Once the hardware is installed and the system is initiated, it is automatically configured through centralized management software. The system discovers all its components and presents the user with a set of compute and storage resources to be used. The administrator can immediately allocate a chunk of storage to its application and increase or decrease the size of storage as needed.

The environment is highly flexible and agile because the starting point is the application. The networking and storage policies are assigned based on the application needs.

Enterprises highly benefit from the shorter deployment times by spending less time on the infrastructure and more time on customizing revenue-generating applications.

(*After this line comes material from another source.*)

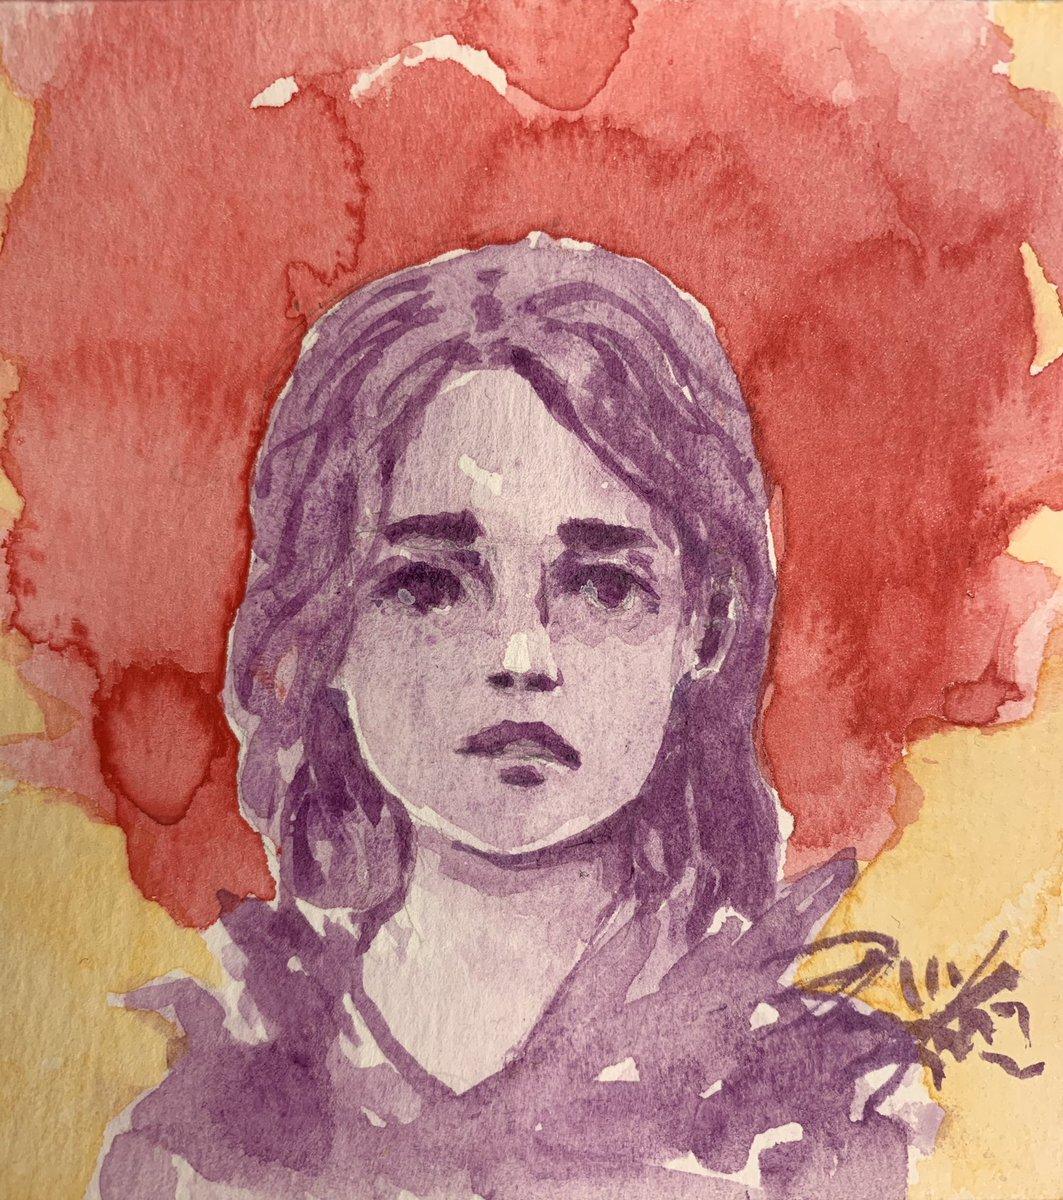 """Longing.""   #OsoAstral #Art #Mixedmedia #Painting #Drawing #Watercolor #Ink #Graphite #Gouache #InstaArtist #TexasArtist #ElPasoArtist #ElPasoStrong #Schmincke #Winsorandnewtonpic.twitter.com/H9bRQDoddb"

Easier-to-Scale Infrastructure

Scaling SANs to support a higher number of applications and storage requirements was traditionally painful. Storage arrays come in a preset configuration with a certain number of disks, memory, and central processing units (CPUs). Different systems are targeted to different markets, such as small and medium-sized businesses (SMBs) and large enterprises (LEs). Storage arrays were traditionally scale-up systems, meaning that the system can grow to a maximum configuration, at which point it runs out of storage capacity, memory, or CPU horsepower. At that point, enterprises must either get another storage array to handle the extra load or go through a painful refresh cycle of the existing system. The storage arrays are not cheap. The smallest configuration can run hundreds of thousands of dollars. Enterprises must go through major planning before adding or replacing a storage array. A large storage array could waste a lot of idle resources, and a small array could mean a shorter upgrade cycle. Also, the fact that the storage array architecture is based on rigid logical unit numbers (LUNs), you always have the bin-packing problem: trying to match storage requirements with physical storage constraints. When a storage array capacity is exceeded, the data of a storage application might have to be split between storage arrays or move from the older to the newer, larger array.

HCI systems are scale-out because they leverage a multitude of nodes. The system starts with two or three nodes and can scale out to hundreds of nodes depending on the implementation. So, the capacity and processing power of the system scales linearly with the number of nodes. This benefits the enterprise by starting small and expanding as required. There are no rigid boundaries on where the data should be in the storage pool. Once more nodes are added to the system, the data can be automatically reallocated to evenly use the existing resources. This results in smoother scalability of the overall system.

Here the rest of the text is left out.